Once we got to shore I think we all felt relieved and very impressed with ourselves.  There was a giddy sense of awe at what we had done.  It was definitely one of the craziest experiences I’ve ever, ever had.


It was much later that I sat wondering about myself and night swimming in the sea… and fear.  I wish… I wish I wasn’t afraid.  In swimming.  In life.  I wish it wasn’t so very frightening.  The night.  The sea.  The voices and fantasies.  The dark.  Trying something new.  Dreaming bigger than myself.  Wanting to make a difference.  Choosing the hard and best thing.  I wish it wasn’t scary.  How I wish it wasn’t so.

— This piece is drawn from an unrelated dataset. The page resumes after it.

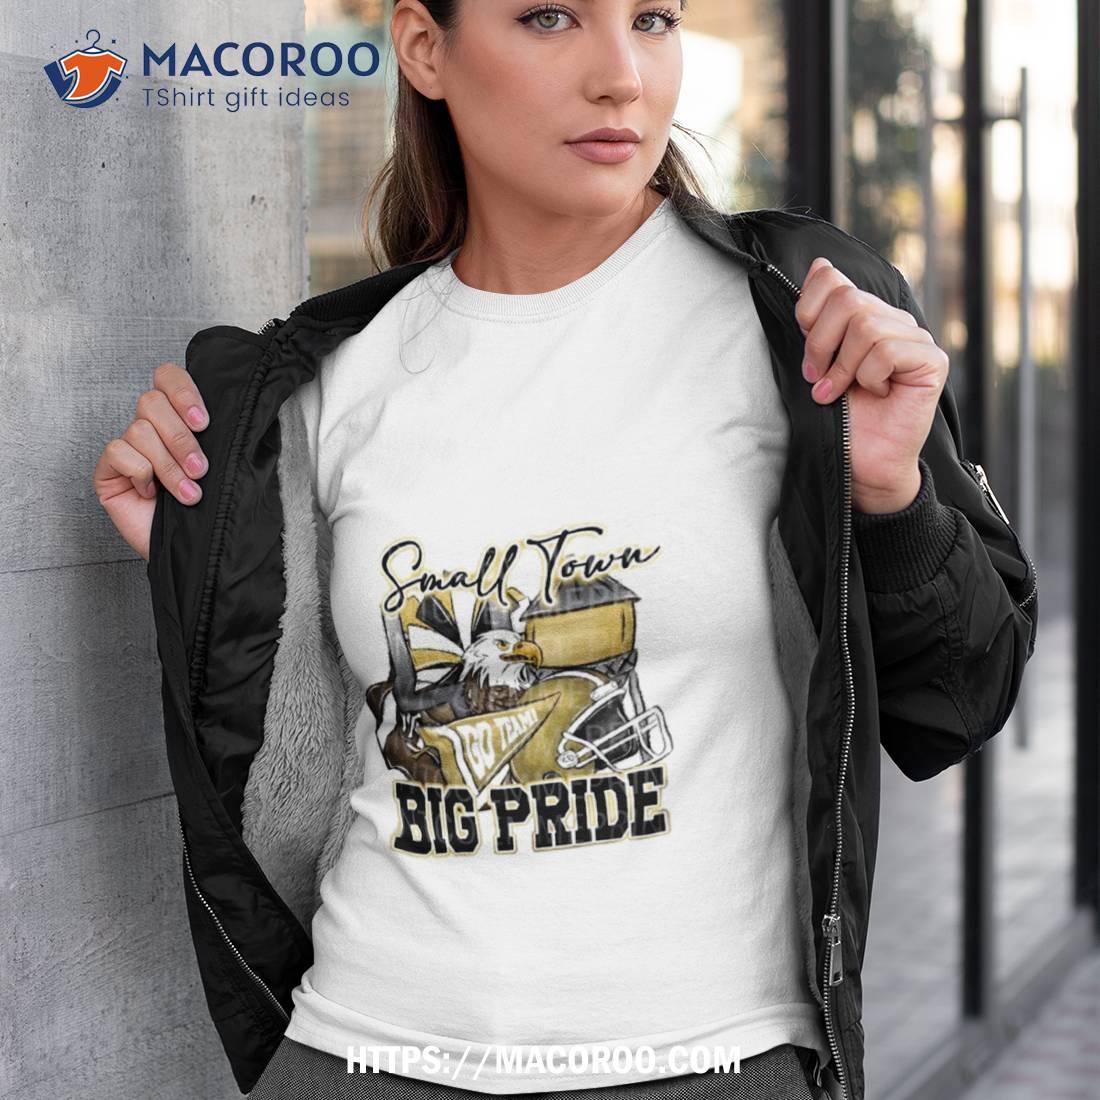 Small Town Go Team Big Pride Eagles Football Sublimation Design Shirt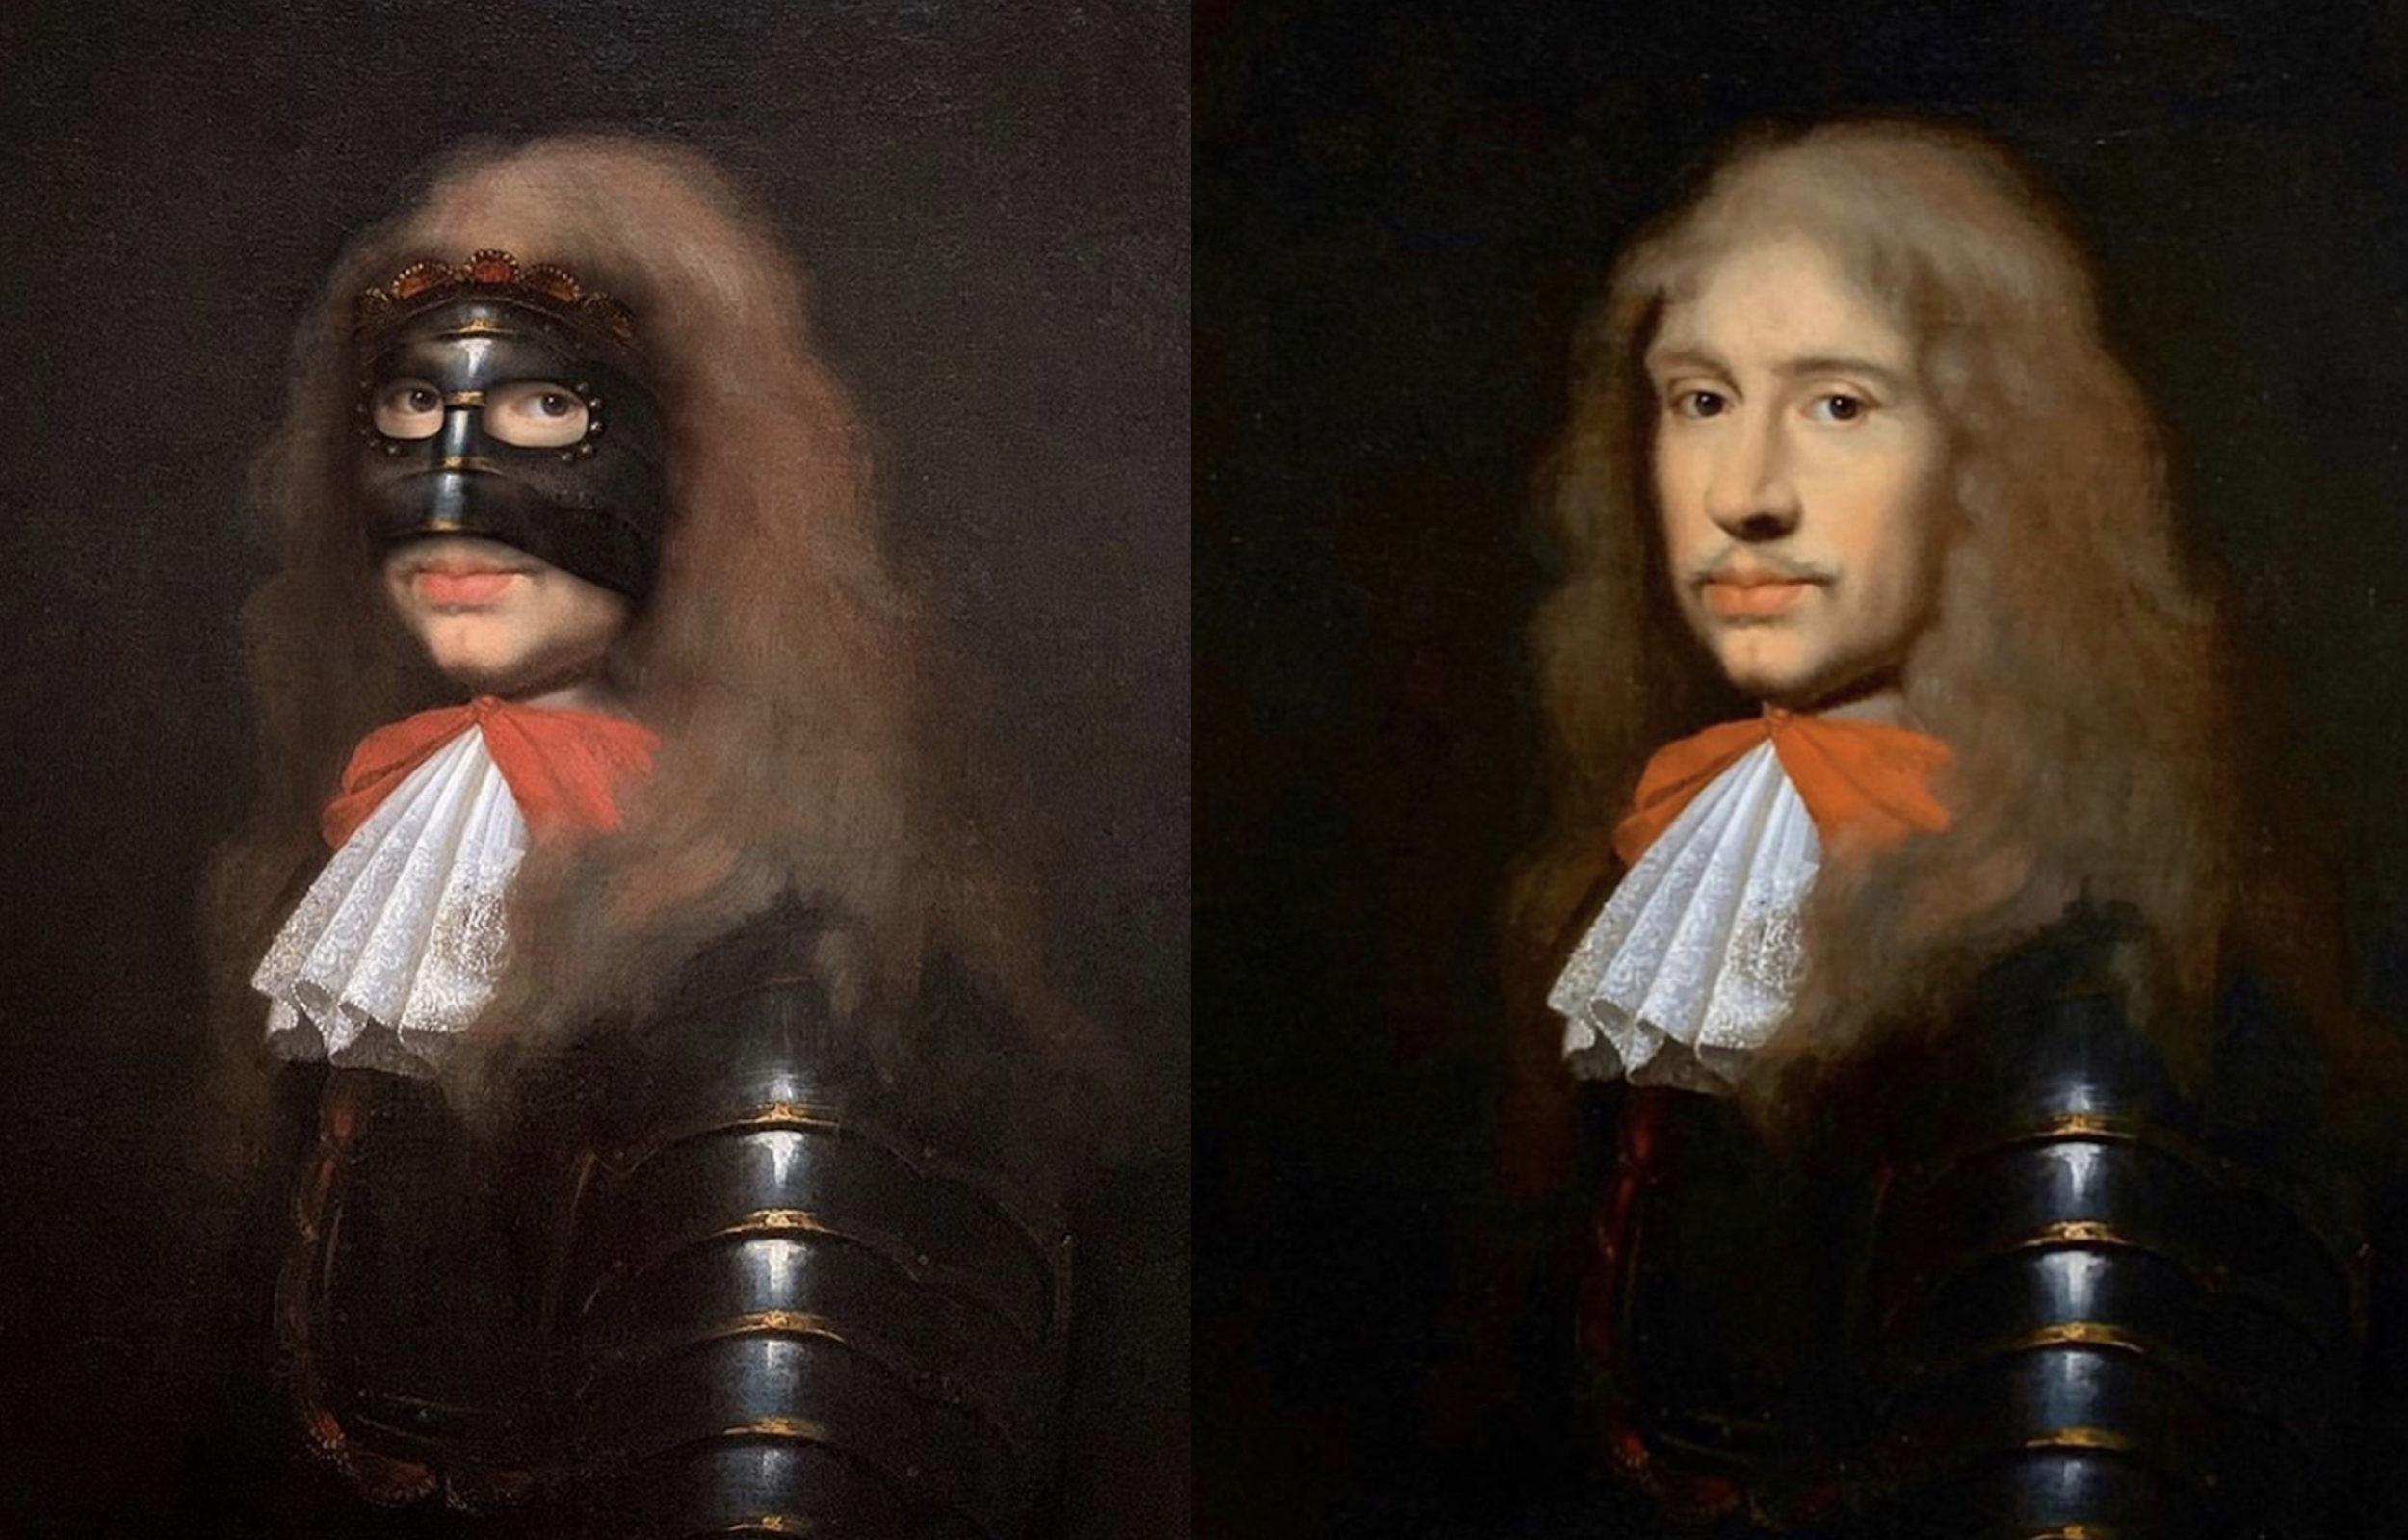 Left: Hidden Boguslas Photocollage 2020. Right: Original artwork Period Portraits, now sold.

Maybe someday, it won’t be.


But until then, I will hold onto Apostle Jim’s recent words about fear and the way you overcome fearful situations:


Through Power.

Through Love.

With a Sound Mind.


If I have anything, I have those things.  I have a sound mind that thinks me into, through and out of the darkness.  I have the power of a foundation of experiences that convince me I am strong enough to continue.  I have the deepest love for swimming, for the sea, and for making the world a better place that is all the motivation any person ever needed to face anything.


Maybe we don’t go to the sea to be healed.


Maybe we go to the sea to be shown the tools we have to heal ourselves.